__Problem details__
Two lines in the listing below mark the span: one contains "Richard Branson Not" and one contains "Unbeaten champions Errol". Reproduce both of them and everything between, exactly.

START Dataset records

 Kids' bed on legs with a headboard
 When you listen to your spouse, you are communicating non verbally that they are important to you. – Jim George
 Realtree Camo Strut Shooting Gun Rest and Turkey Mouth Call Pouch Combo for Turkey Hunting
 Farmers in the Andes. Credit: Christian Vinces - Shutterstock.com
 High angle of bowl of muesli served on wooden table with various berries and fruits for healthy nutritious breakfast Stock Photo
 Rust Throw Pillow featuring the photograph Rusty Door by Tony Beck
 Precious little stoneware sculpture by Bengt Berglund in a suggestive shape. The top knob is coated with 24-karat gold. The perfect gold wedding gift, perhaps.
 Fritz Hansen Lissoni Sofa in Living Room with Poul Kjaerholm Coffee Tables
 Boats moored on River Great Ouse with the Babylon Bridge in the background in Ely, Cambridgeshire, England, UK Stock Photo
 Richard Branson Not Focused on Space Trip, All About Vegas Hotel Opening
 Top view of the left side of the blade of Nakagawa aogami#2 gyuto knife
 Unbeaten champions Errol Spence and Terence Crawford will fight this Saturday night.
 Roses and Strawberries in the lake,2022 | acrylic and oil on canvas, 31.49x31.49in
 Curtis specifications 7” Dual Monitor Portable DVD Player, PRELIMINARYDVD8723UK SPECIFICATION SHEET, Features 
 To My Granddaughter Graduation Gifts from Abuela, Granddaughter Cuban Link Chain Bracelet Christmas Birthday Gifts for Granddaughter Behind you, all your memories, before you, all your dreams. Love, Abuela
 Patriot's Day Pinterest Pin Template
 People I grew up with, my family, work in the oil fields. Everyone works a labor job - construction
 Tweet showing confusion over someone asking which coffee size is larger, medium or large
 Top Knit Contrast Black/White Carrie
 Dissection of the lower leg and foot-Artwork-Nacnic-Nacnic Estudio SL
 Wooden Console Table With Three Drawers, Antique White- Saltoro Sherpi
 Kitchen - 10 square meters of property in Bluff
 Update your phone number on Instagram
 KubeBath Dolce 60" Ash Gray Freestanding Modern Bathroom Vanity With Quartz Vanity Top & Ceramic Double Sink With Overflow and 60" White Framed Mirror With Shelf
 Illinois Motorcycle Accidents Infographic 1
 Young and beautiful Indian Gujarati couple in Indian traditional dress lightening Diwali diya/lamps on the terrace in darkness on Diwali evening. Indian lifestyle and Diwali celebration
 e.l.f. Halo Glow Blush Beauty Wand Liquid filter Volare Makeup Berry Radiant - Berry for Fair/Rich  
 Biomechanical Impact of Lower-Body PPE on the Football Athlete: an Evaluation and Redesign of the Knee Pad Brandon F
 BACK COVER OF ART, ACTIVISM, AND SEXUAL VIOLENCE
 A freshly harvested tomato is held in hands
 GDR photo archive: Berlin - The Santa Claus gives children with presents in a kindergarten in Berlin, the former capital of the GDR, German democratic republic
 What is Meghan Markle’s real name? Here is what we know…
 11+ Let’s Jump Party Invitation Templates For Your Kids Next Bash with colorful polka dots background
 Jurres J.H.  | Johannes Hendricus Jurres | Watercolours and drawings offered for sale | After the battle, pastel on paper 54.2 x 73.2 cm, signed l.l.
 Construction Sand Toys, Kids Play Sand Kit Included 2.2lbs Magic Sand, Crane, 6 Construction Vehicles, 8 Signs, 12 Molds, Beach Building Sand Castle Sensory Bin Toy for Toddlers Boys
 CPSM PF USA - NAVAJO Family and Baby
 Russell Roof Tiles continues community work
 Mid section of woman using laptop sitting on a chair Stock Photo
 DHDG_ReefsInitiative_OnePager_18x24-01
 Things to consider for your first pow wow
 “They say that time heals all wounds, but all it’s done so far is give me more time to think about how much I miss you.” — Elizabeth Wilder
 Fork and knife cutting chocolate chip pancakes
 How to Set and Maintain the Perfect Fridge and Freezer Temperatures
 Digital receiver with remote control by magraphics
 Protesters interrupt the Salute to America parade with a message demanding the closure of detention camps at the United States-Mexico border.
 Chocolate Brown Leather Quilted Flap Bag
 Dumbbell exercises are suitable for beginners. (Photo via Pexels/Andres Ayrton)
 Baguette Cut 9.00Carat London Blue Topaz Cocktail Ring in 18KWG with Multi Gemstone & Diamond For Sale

END Dataset records

__Solution to the exercise__
 Richard Branson Not Focused on Space Trip, All About Vegas Hotel Opening
 Top view of the left side of the blade of Nakagawa aogami#2 gyuto knife
 Unbeaten champions Errol Spence and Terence Crawford will fight this Saturday night.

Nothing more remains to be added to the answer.